→ EXERCISE BRIEF
The line containing "GIUSSANI, La disciplina" marks the end: write out exactly every line from the first line of the data below through that line, and only those.

──────── EXCERPTED RECORDS

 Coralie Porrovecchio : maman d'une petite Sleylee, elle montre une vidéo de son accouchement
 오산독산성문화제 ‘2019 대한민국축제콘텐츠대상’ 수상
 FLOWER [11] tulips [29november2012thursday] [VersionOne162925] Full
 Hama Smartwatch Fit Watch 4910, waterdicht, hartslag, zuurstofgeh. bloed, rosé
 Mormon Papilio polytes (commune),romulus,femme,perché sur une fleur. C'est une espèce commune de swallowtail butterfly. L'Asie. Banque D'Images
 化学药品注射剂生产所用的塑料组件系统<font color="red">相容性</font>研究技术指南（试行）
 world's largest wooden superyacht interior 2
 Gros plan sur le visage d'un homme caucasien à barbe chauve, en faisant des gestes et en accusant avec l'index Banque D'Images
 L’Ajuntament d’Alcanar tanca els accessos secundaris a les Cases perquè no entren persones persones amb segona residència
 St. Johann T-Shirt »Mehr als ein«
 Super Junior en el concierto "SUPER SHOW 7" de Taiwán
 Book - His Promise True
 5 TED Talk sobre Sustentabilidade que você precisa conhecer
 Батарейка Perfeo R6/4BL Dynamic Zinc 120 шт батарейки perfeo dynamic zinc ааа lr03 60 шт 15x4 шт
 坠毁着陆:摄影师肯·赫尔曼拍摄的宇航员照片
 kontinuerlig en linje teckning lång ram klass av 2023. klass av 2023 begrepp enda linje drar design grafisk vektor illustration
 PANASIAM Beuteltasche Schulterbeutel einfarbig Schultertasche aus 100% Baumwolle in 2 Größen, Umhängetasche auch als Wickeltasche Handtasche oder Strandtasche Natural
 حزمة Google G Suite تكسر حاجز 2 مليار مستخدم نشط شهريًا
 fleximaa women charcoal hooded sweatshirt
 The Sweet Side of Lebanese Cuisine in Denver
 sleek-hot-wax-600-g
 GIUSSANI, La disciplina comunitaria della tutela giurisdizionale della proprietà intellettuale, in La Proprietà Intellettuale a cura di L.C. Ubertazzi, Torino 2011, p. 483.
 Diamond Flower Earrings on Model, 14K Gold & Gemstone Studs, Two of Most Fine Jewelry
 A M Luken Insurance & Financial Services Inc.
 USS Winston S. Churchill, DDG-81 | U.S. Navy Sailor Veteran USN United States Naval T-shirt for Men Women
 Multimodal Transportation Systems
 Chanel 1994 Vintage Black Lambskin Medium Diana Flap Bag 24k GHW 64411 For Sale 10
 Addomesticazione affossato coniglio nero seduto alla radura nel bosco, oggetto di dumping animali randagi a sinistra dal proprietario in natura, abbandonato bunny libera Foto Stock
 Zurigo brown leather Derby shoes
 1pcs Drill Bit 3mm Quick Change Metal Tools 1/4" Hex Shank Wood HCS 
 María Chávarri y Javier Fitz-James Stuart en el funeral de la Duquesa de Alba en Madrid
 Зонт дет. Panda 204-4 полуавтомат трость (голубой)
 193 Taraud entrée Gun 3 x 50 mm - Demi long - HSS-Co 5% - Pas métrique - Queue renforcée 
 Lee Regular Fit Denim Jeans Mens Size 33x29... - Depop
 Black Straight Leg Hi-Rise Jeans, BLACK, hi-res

────────────────

→ ANSWER FOR THIS EXERCISE
 Coralie Porrovecchio : maman d'une petite Sleylee, elle montre une vidéo de son accouchement
 오산독산성문화제 ‘2019 대한민국축제콘텐츠대상’ 수상
 FLOWER [11] tulips [29november2012thursday] [VersionOne162925] Full
 Hama Smartwatch Fit Watch 4910, waterdicht, hartslag, zuurstofgeh. bloed, rosé
 Mormon Papilio polytes (commune),romulus,femme,perché sur une fleur. C'est une espèce commune de swallowtail butterfly. L'Asie. Banque D'Images
 化学药品注射剂生产所用的塑料组件系统<font color="red">相容性</font>研究技术指南（试行）
 world's largest wooden superyacht interior 2
 Gros plan sur le visage d'un homme caucasien à barbe chauve, en faisant des gestes et en accusant avec l'index Banque D'Images
 L’Ajuntament d’Alcanar tanca els accessos secundaris a les Cases perquè no entren persones persones amb segona residència
 St. Johann T-Shirt »Mehr als ein«
 Super Junior en el concierto "SUPER SHOW 7" de Taiwán
 Book - His Promise True
 5 TED Talk sobre Sustentabilidade que você precisa conhecer
 Батарейка Perfeo R6/4BL Dynamic Zinc 120 шт батарейки perfeo dynamic zinc ааа lr03 60 шт 15x4 шт
 坠毁着陆:摄影师肯·赫尔曼拍摄的宇航员照片
 kontinuerlig en linje teckning lång ram klass av 2023. klass av 2023 begrepp enda linje drar design grafisk vektor illustration
 PANASIAM Beuteltasche Schulterbeutel einfarbig Schultertasche aus 100% Baumwolle in 2 Größen, Umhängetasche auch als Wickeltasche Handtasche oder Strandtasche Natural
 حزمة Google G Suite تكسر حاجز 2 مليار مستخدم نشط شهريًا
 fleximaa women charcoal hooded sweatshirt
 The Sweet Side of Lebanese Cuisine in Denver
 sleek-hot-wax-600-g
 GIUSSANI, La disciplina comunitaria della tutela giurisdizionale della proprietà intellettuale, in La Proprietà Intellettuale a cura di L.C. Ubertazzi, Torino 2011, p. 483.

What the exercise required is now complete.